Building Production-Grade AutoML Pipelines with AutoGluon

Overview

In this tutorial, we build a production-grade tabular machine learning pipeline using AutoGluon, processing a real-world mixed-type dataset from raw ingestion to deployment-ready artifacts.

Setting Up the Environment

We start by installing the required libraries:

!pip -q install -U "autogluon==1.5.0" "scikit-learn>=1.3" "pandas>=2.0" "numpy>=1.24"

And configuring necessary imports:

import os, time, json, warnings
warnings.filterwarnings("ignore")
 
import numpy as np
import pandas as pd
 
from sklearn.model_selection import train_test_split
from sklearn.metrics import roc_auc_score, log_loss, accuracy_score, classification_report
from autogluon.tabular import TabularPredictor

Preparing the Dataset

Using fetch_openml(), we load a real-world dataset:

df = fetch_openml(data_id=40945, as_frame=True).frame
 
target = "survived"
df[target] = df[target].astype(int)
 
drop_cols = [c for c in ["boat", "body", "home.dest"] if c in df.columns]
df = df.drop(columns=drop_cols, errors="ignore")

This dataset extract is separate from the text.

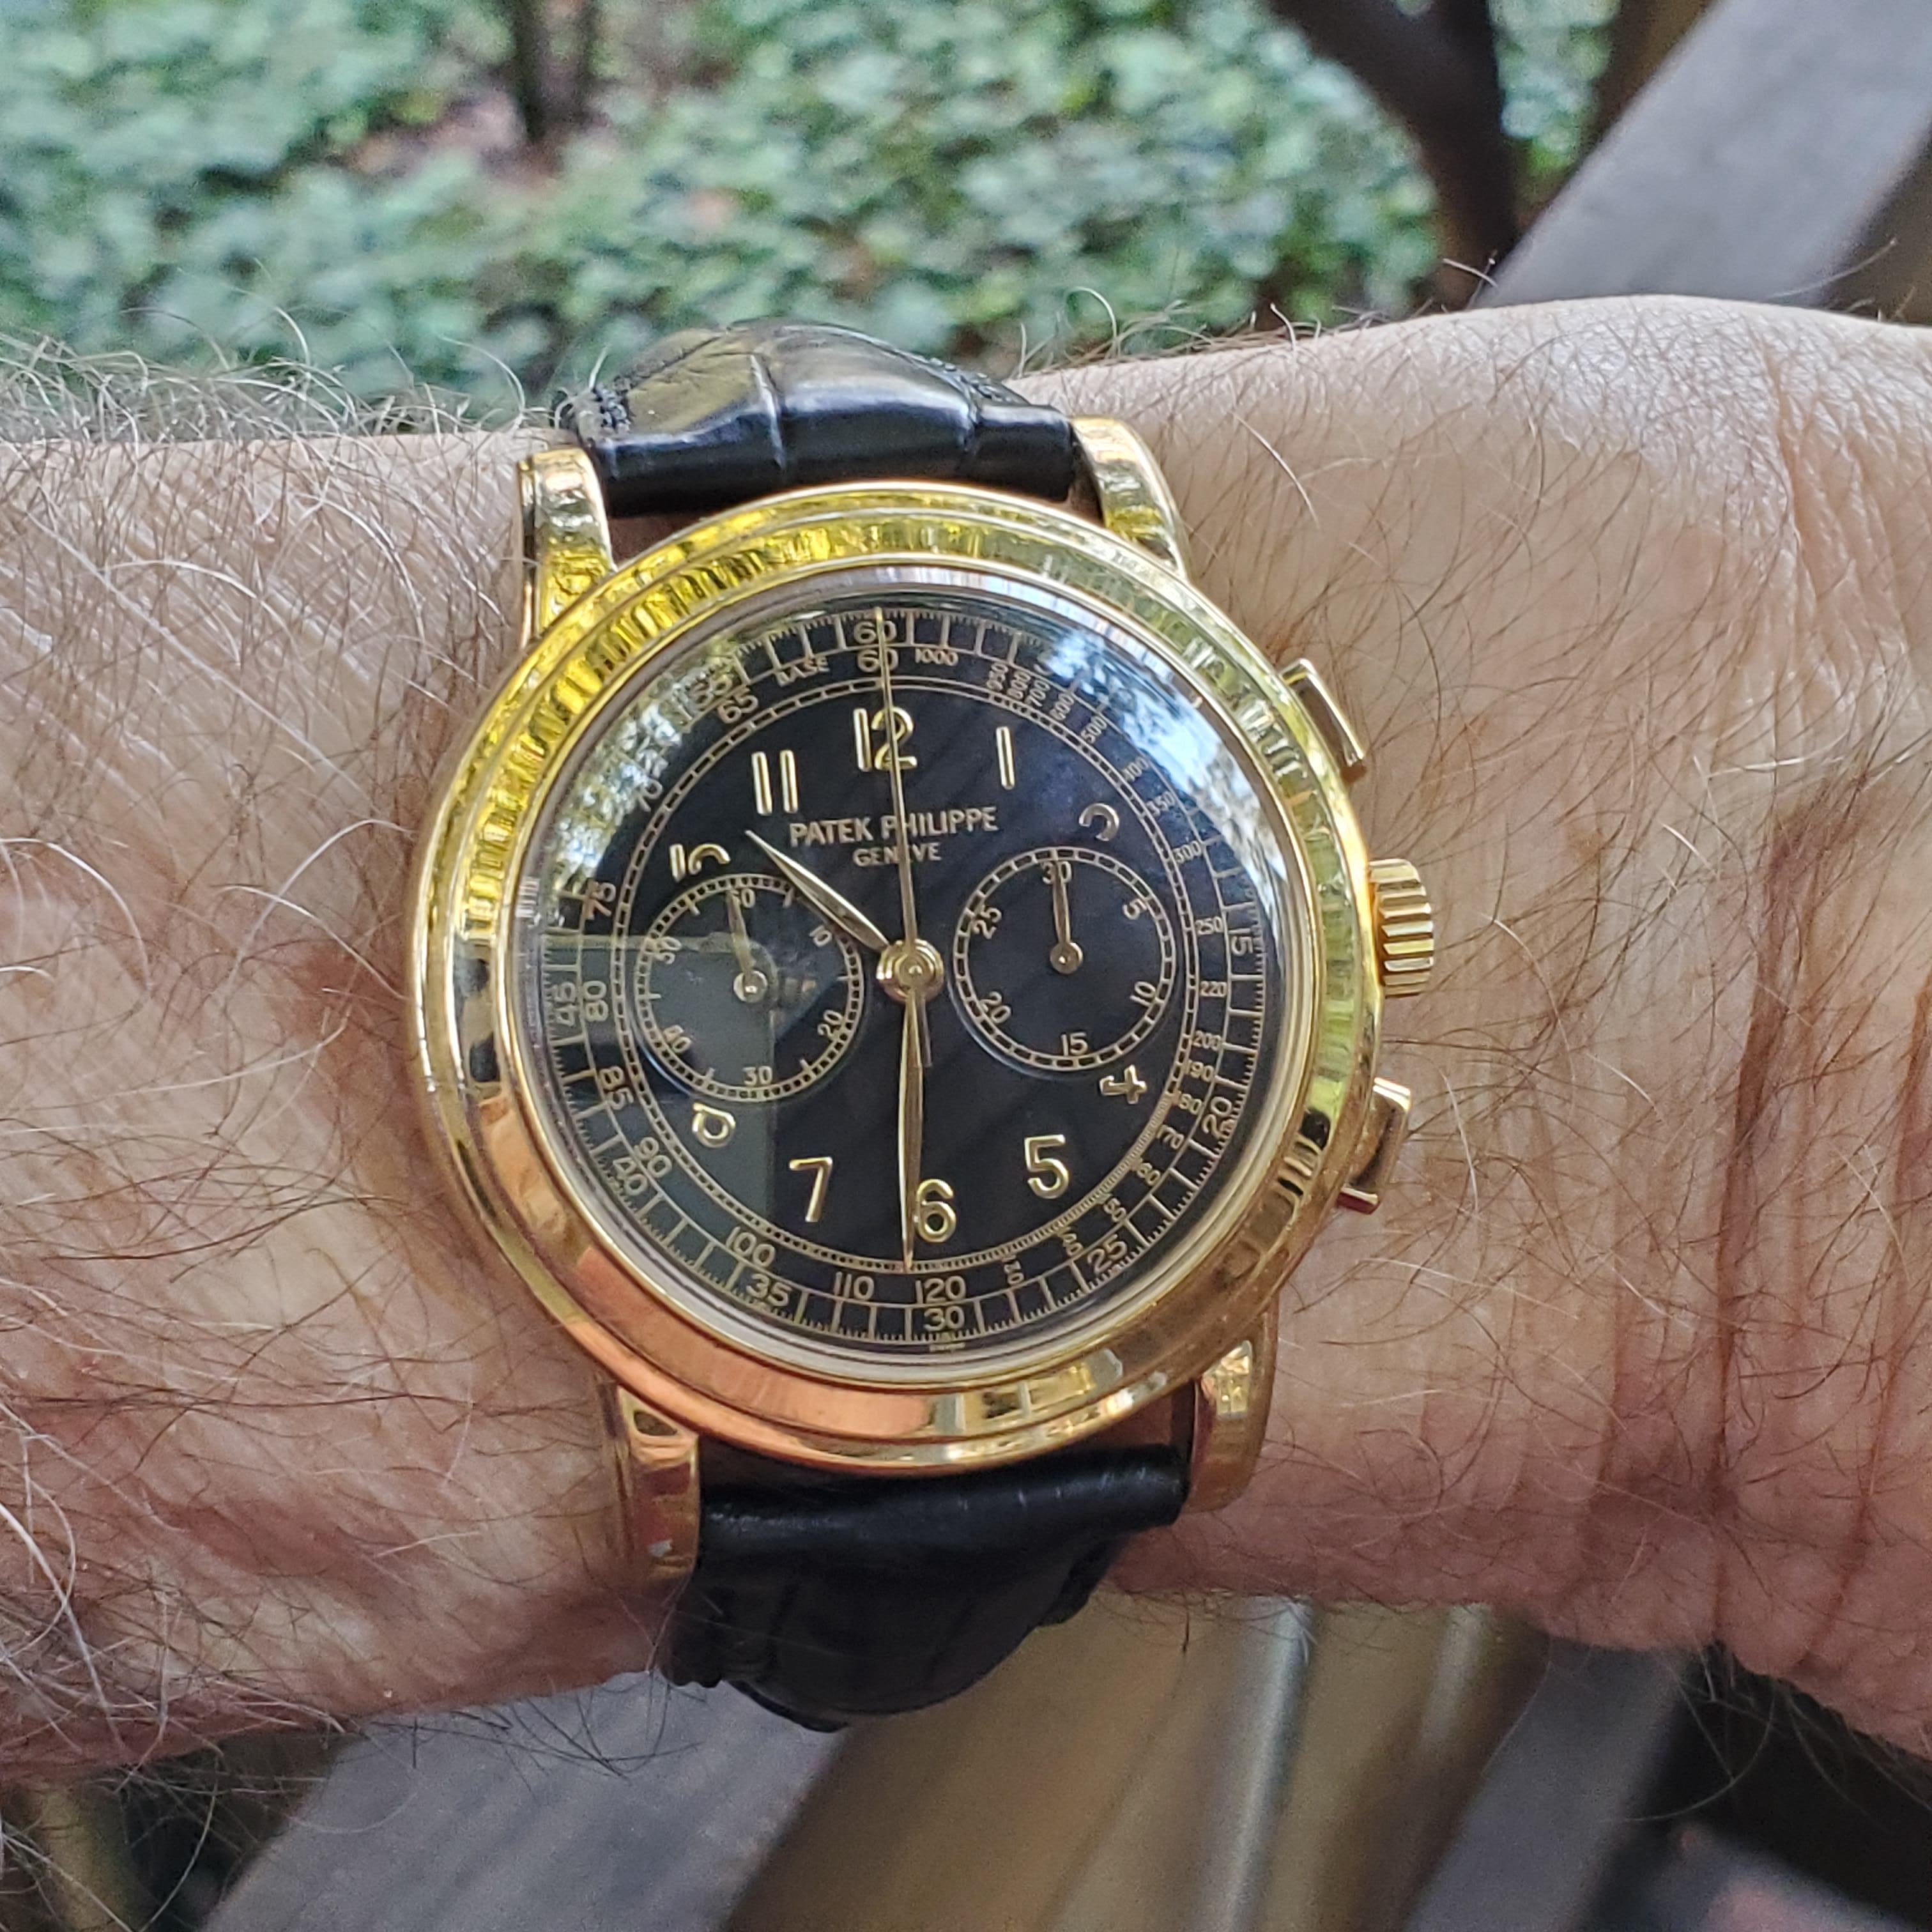 Patek Philippe Ref# 5070J-001  This example is in excellent condition with very crisp hallmarks.

The 5070J chronograph manual-wind watch, features a 42 mm case. This is a Yellow gold example with Black dial and yellow gold deployment buckle.

We validate the dataset and perform a stratified train-test split:

train_df, test_df = train_test_split(
   df,
   test_size=0.2,
   random_state=42,
   stratify=df[target],
)

Model Initialization

We check for GPU availability to select the training preset:

def has_gpu():
   try:
       import torch
       return torch.cuda.is_available()
   except Exception:
       return False
 
presets = "extreme" if has_gpu() else "best_quality"
 
predictor = TabularPredictor(
   label=target,
   eval_metric="roc_auc",
   path="/content/autogluon_titanic_advanced",
   verbosity=2
)

Training the Model

Next, we fit the predictor:

start = time.time()
predictor.fit(
   train_data=train_df,
   presets=presets,
   time_limit=7 * 60,
   num_bag_folds=5,
   num_stack_levels=2,
   refit_full=False
)
train_time = time.time() - start
print(f"\nTraining done in {train_time:.1f}s with presets='{presets}'")

Evaluating the Model

Using the test set, we evaluate our model and generate key metrics:

lb = predictor.leaderboard(test_df, silent=True)
print("
=== Leaderboard (top 15) ===")
display(lb.head(15))
 
proba = predictor.predict_proba(test_df)
pred = predictor.predict(test_df)

Analyzing Model Behavior

We can perform group analysis and feature importance evaluation:

fi = predictor.feature_importance(test_df, silent=True)
print("\n=== Feature importance (top 20) ===")
display(fi.head(20))

Optimizing for Inference

We can collapse bagged models for faster inference:

refit_map = predictor.refit_full()
print(f"\nrefit_full completed in {t_refit:.1f}s")
 
lb_full = predictor.leaderboard(test_df, silent=True)
print("
=== Leaderboard after refit_full (top 15) ===")
display(lb_full.head(15))

Conclusion

By implementing an end-to-end workflow with AutoGluon, we can efficiently manage raw tabular data, ensuring it is ready for production with high performance and reliability.